Antonio Giorgetti, Head of an Angel, ca. 1668.
Courtesy of Nicholas Hall and Carlo Orsi.

For every point, of course, there is a counterpoint, and for every thesis there is an antithesis. This is as true in art as it is in any other human endeavor. As time goes on, events expose the world as less than ideal. The very notion of the ideal accrues a certain strangeness to itself, a strangeness that art cannot help but find and convey. Thus, for every Saint Louis Gonzaga there is a vital, immediate portrait like Johann Zoffany’s (1733–1810) Edward Townsend singing the “Beggar’s Ballad” that looks as if it were painted from a photograph taken live in the theatre as Townsend performed. Take away the title, however, and the 1796 painting becomes slightly weird, forcing us to ask whether satire is operating somewhere in the vicinity. Similarly, Giuseppe Cades’s (1750–1799) Achilles Discovered by Odysseus among the Daughters of Lycomedes (early 1770s), tells the story—a common myth in the frescoes of Pompeii—of the great hero dressing in drag to avoid having to sail to Troy to fight, while in King David being Warned by the Prophet Nathan (ca. 1772), Henry Fuseli (1741–1825) adds a spectral quality to the Old Testament story.

Anthony Clark embraced the Settecento as a whole, and the inclusion of his notebooks and journals—replete with wonderful, accomplished drawings of works he loved and prized—adds another dimension to “The Hub of the World: Art in Eighteenth-Century Rome.” That such a comprehensive exhibition should be found in a New York gallery as opposed to a museum might, at first, seem odd, but Clark’s career, passion, and mission place him outside the mainstream of art history, and, perhaps, outside the purview of the conventional museum setting. For Clark, Rome is a museum: a living, breathing cultural entity, as alive in its ruins as it was in the 18th century—and as alive as it is today.

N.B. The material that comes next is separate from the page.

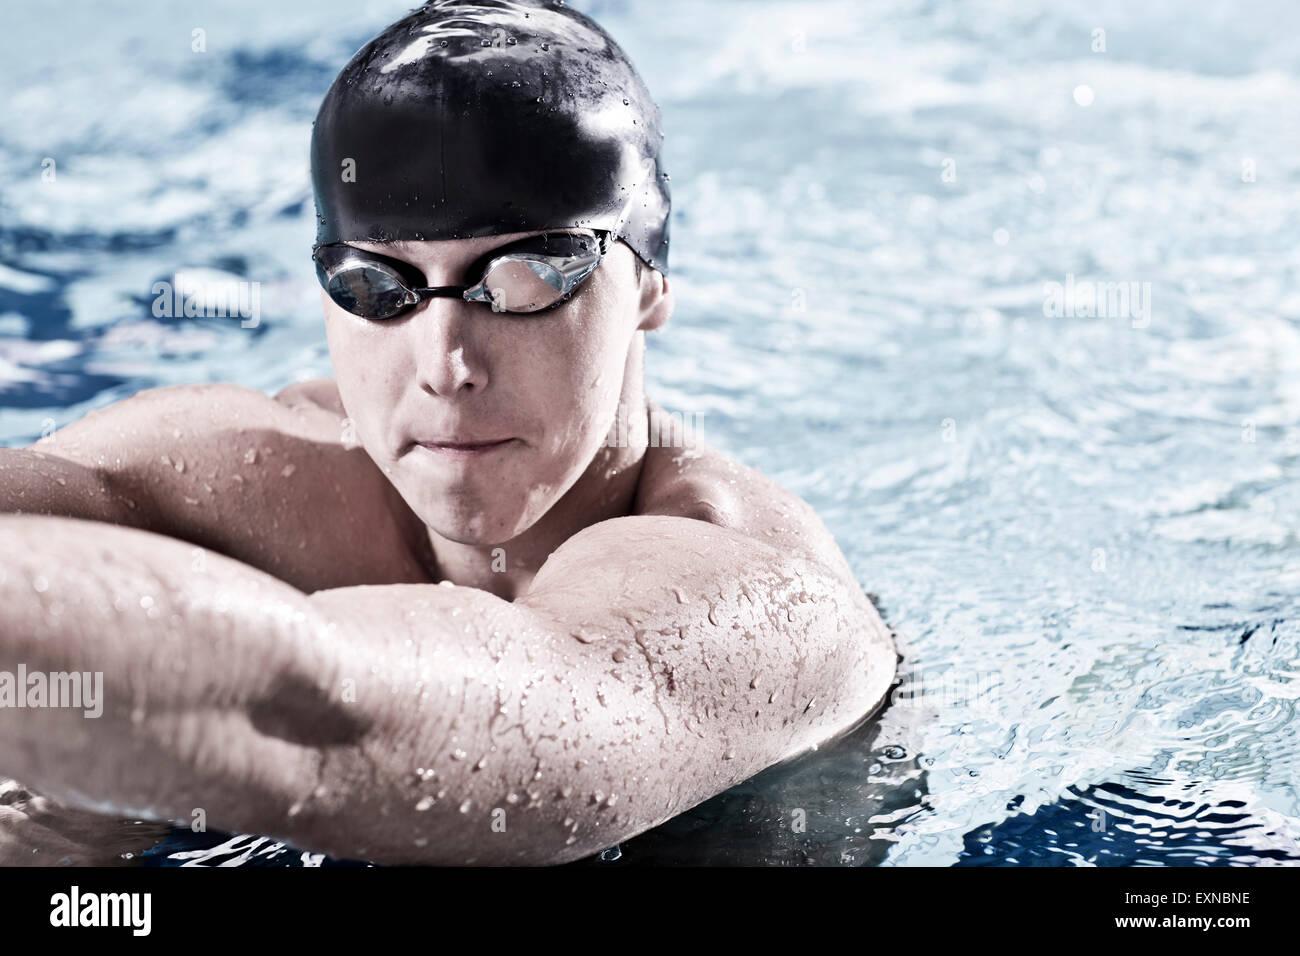 Nuotatore in piscina interna Immagini Stock

If it were a musical composition—by Rome-born Muzio Clementi (1752–1832), perhaps—Robert’s Colonnade and Gardens at the Villa Medici might be titled “Fantasy on Themes from the Villa Medici.” In the end, Colonnade comes to light as the very essence of Clark’s profound connection to and feeling about the Settecento—that it couldn’t be contained by any one museum, any more than by reality itself could contain Robert. It is only fitting, then, that an exhibition in his honor should be housed in a gallery in one of the world’s great cities.